## Given material:
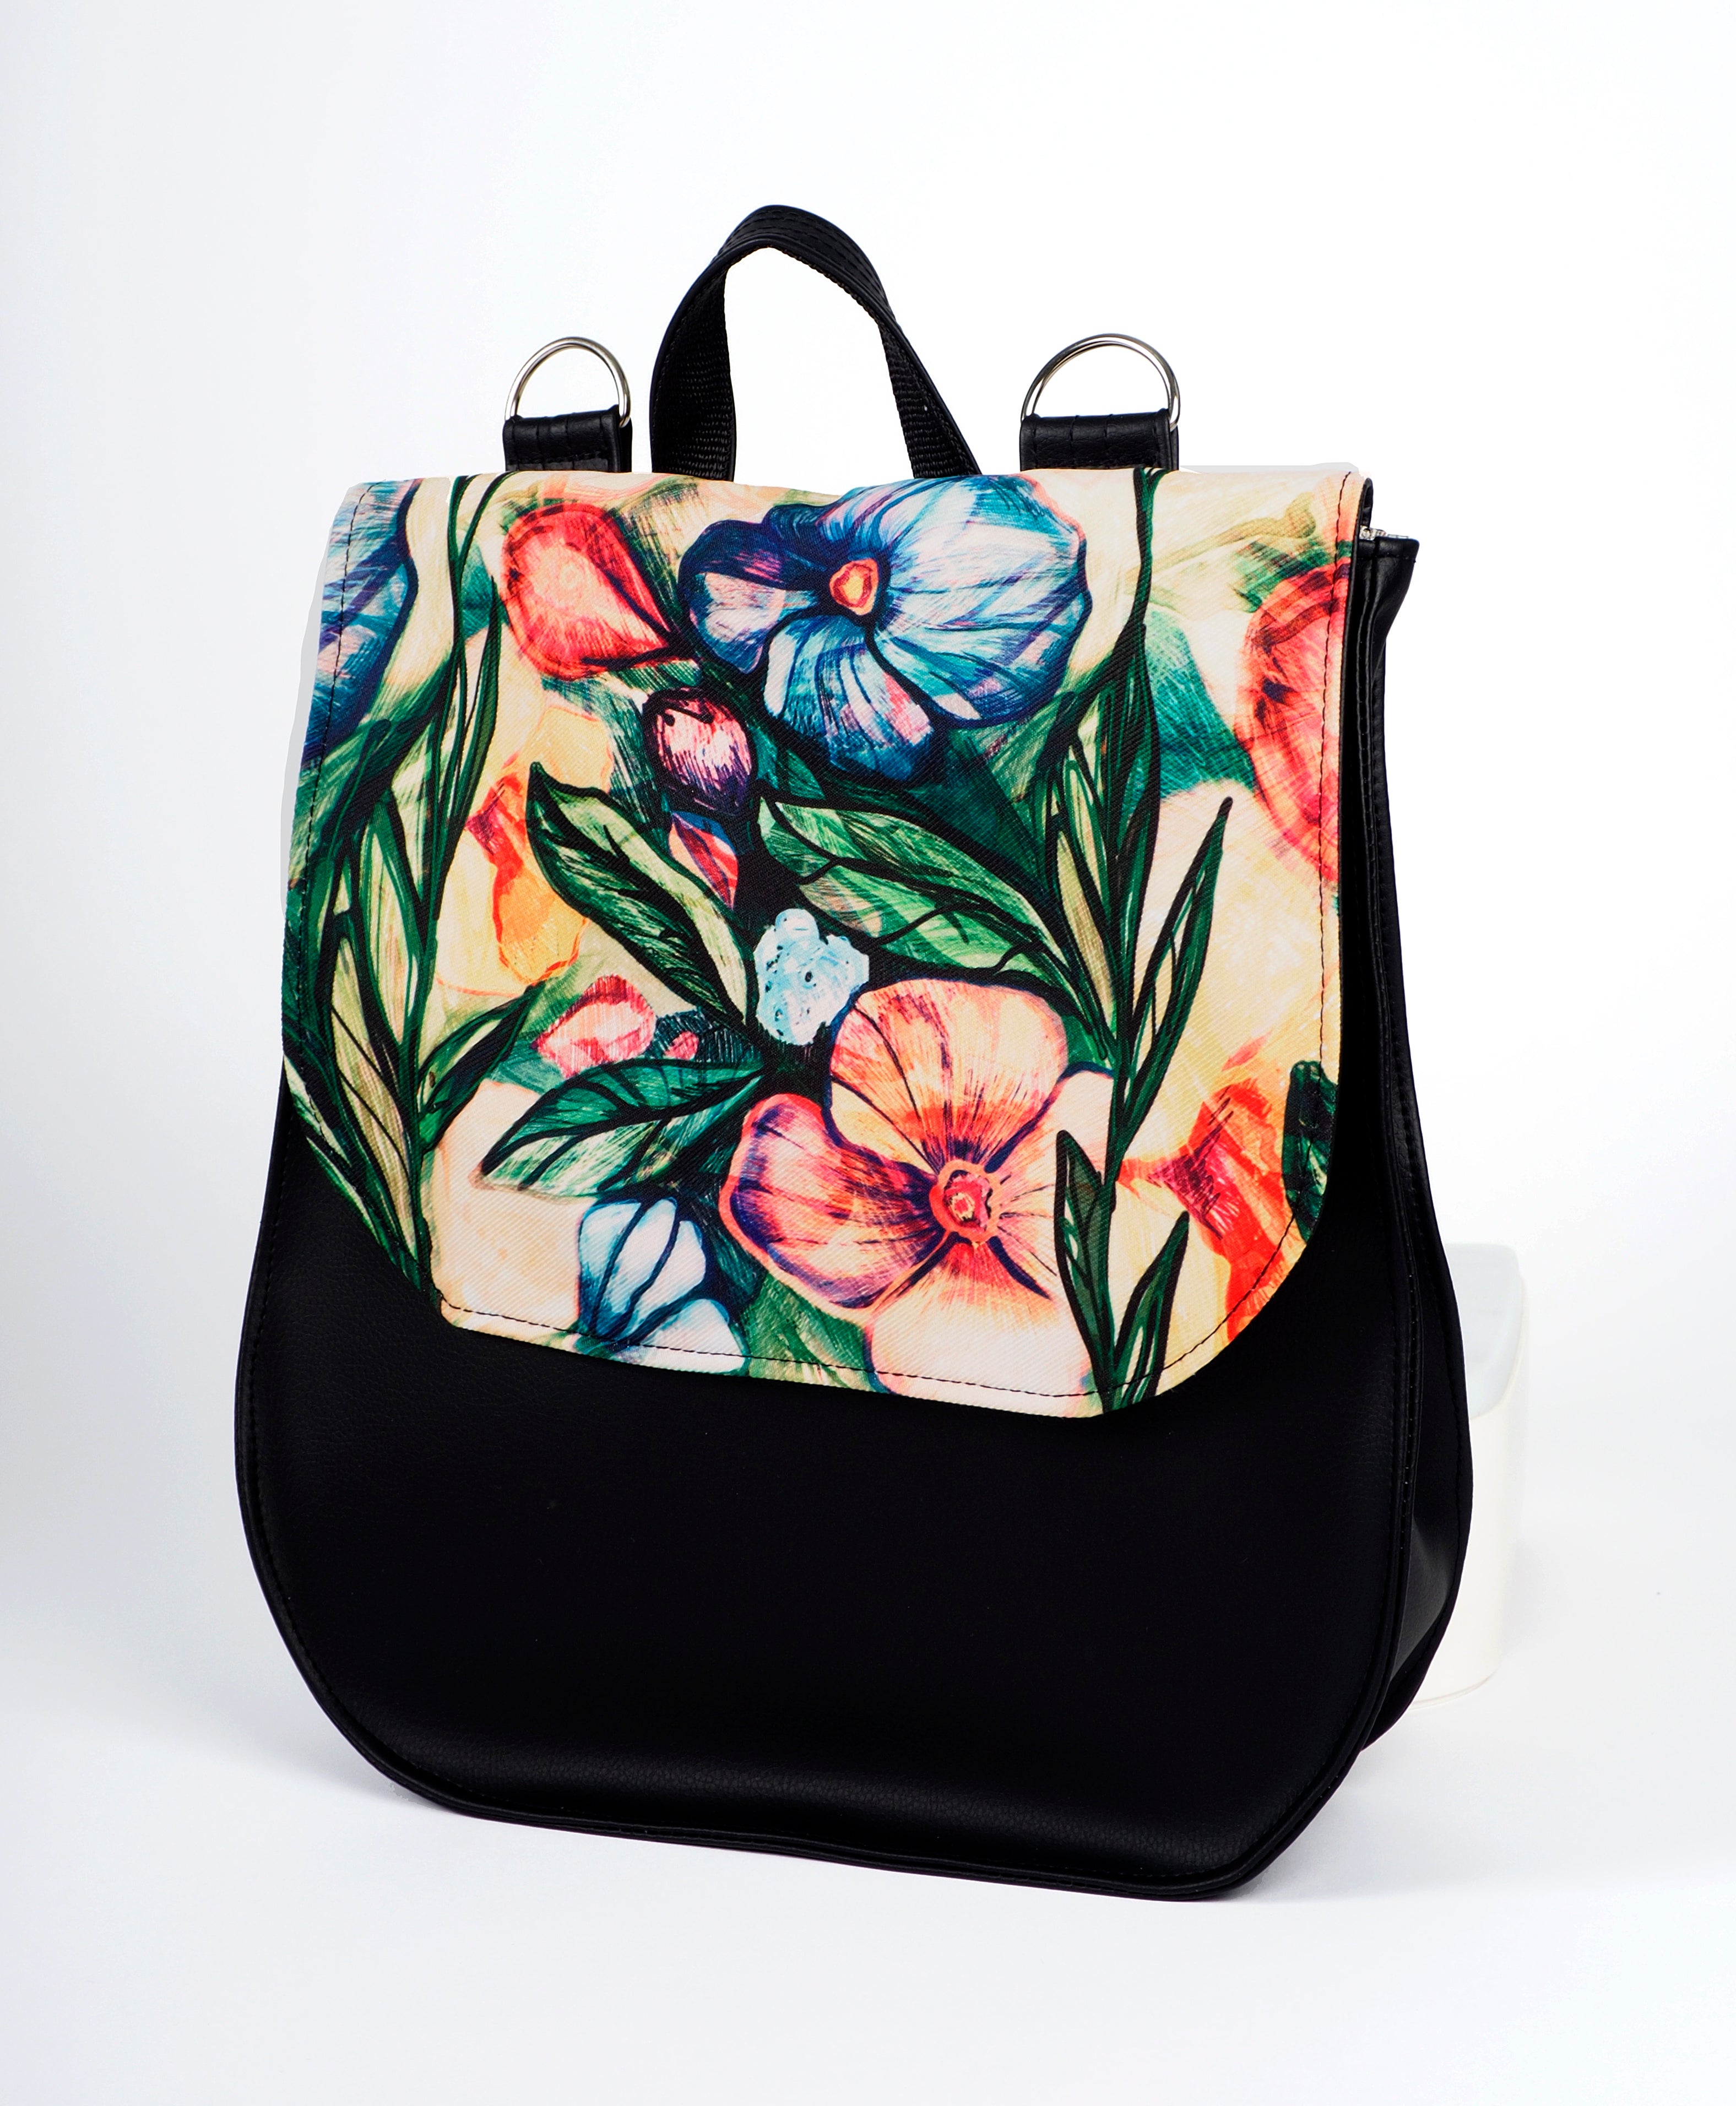 Bardo backpack&bag - Vintage garden - Premium bardo backpack&bag from BARDO ART WORKS - Just lvart bag, backpack, bag, black, floral, flowers, gift, green, handemade, messenger, nature, red, urban style, vegan leather, woman85.00! Shop now at BARDO ART WORKS
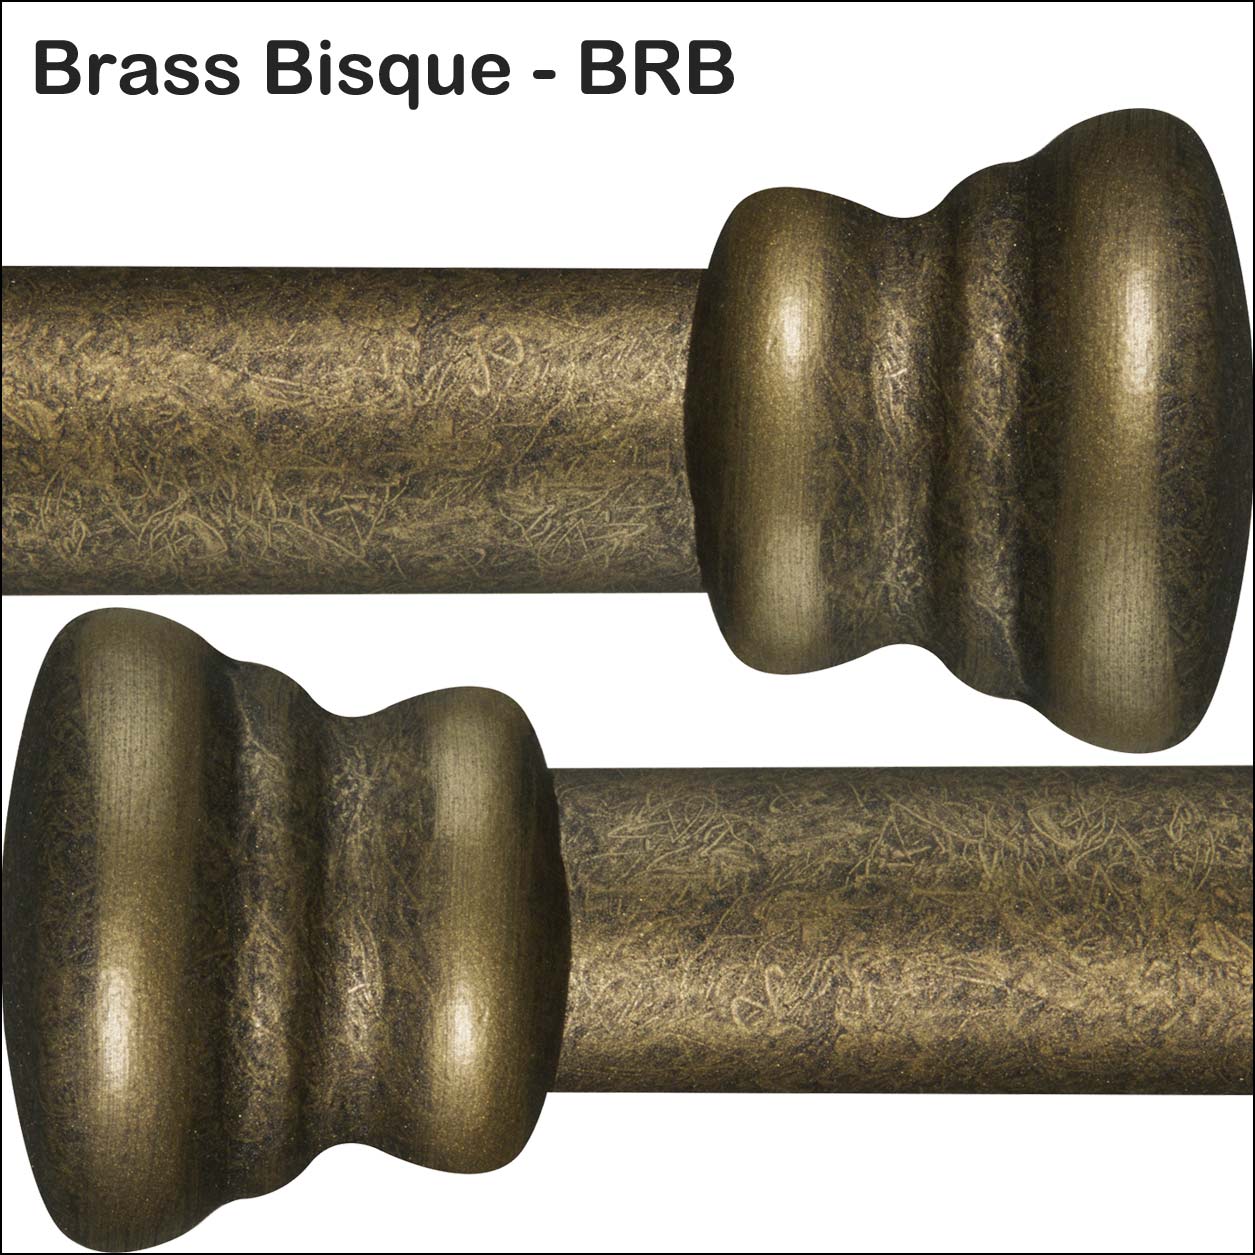 Brass Bisque BRB Powder Coating Finish Wesley Allen Matriae
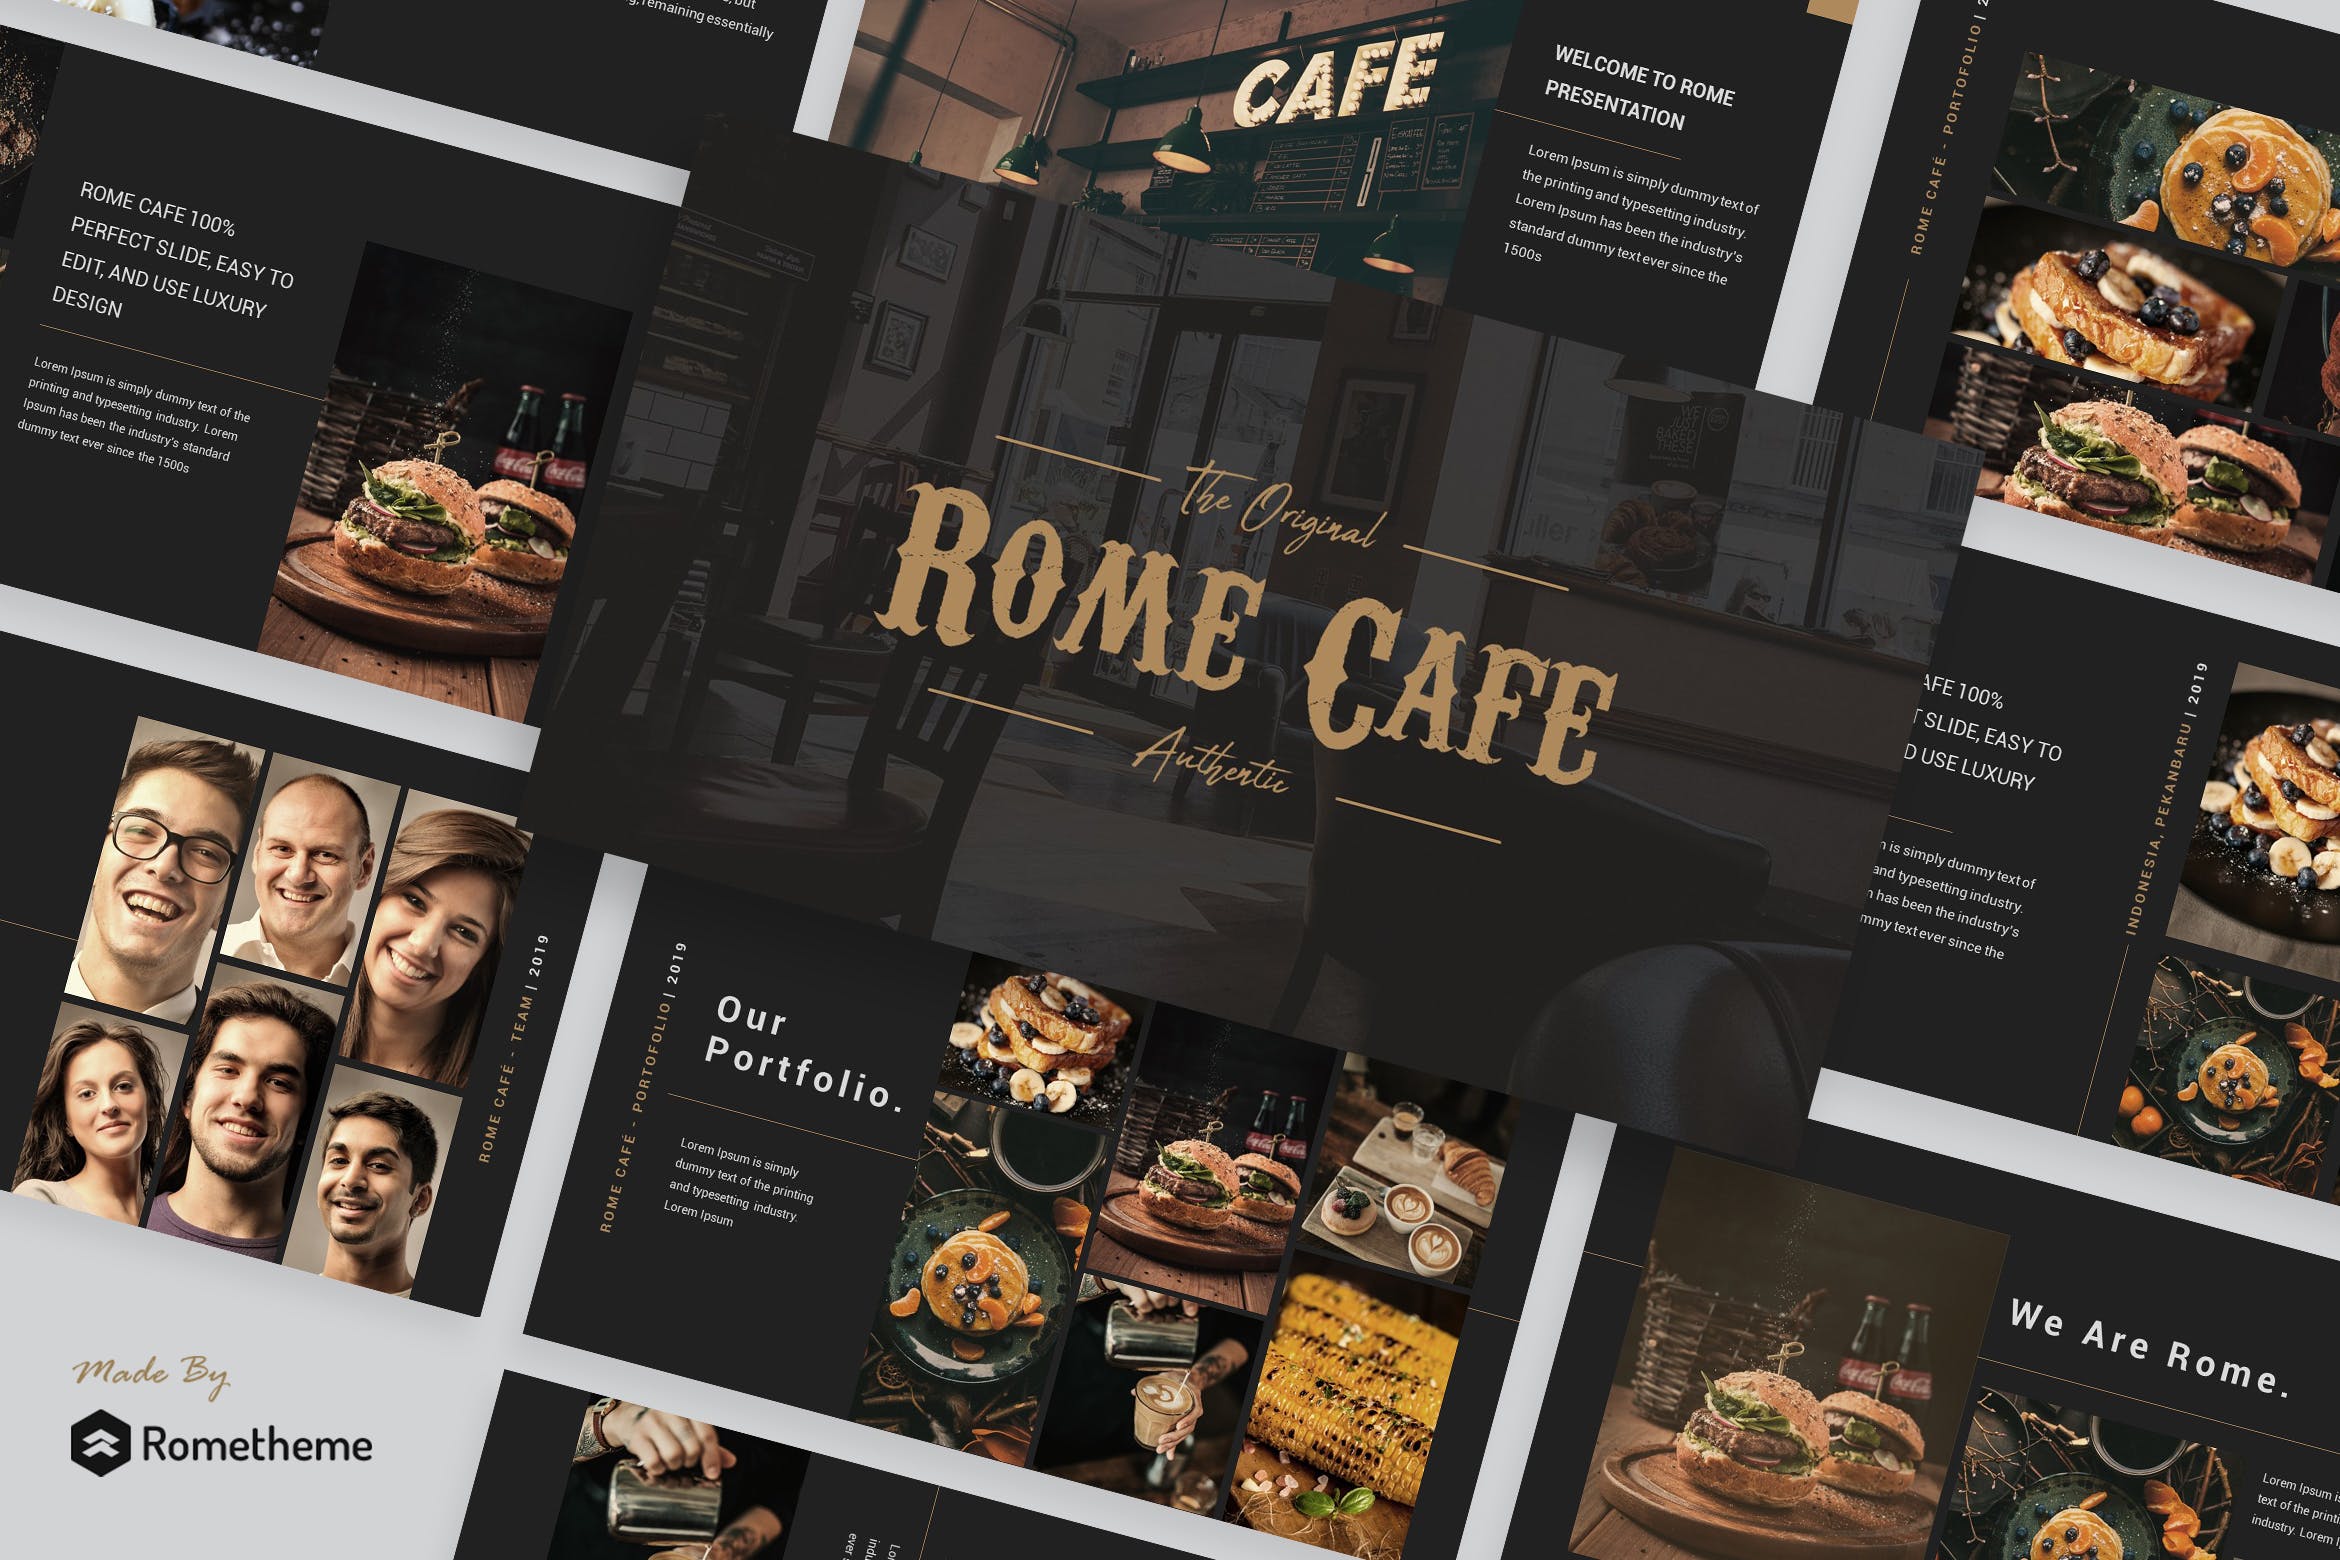 咖啡行业商业新产品宣讲PPT幻灯片模板下载Rome Cafe Presentation Template插图

## Task item:
Where a picture appears in the data, omit it; restate the rest word for word.

## Response to the exercise:
 Bardo backpack&bag - Vintage garden - Premium bardo backpack&bag from BARDO ART WORKS - Just lvart bag, backpack, bag, black, floral, flowers, gift, green, handemade, messenger, nature, red, urban style, vegan leather, woman85.00! Shop now at BARDO ART WORKS
 Brass Bisque BRB Powder Coating Finish Wesley Allen Matriae
 咖啡行业商业新产品宣讲PPT幻灯片模板下载Rome Cafe Presentation Template插图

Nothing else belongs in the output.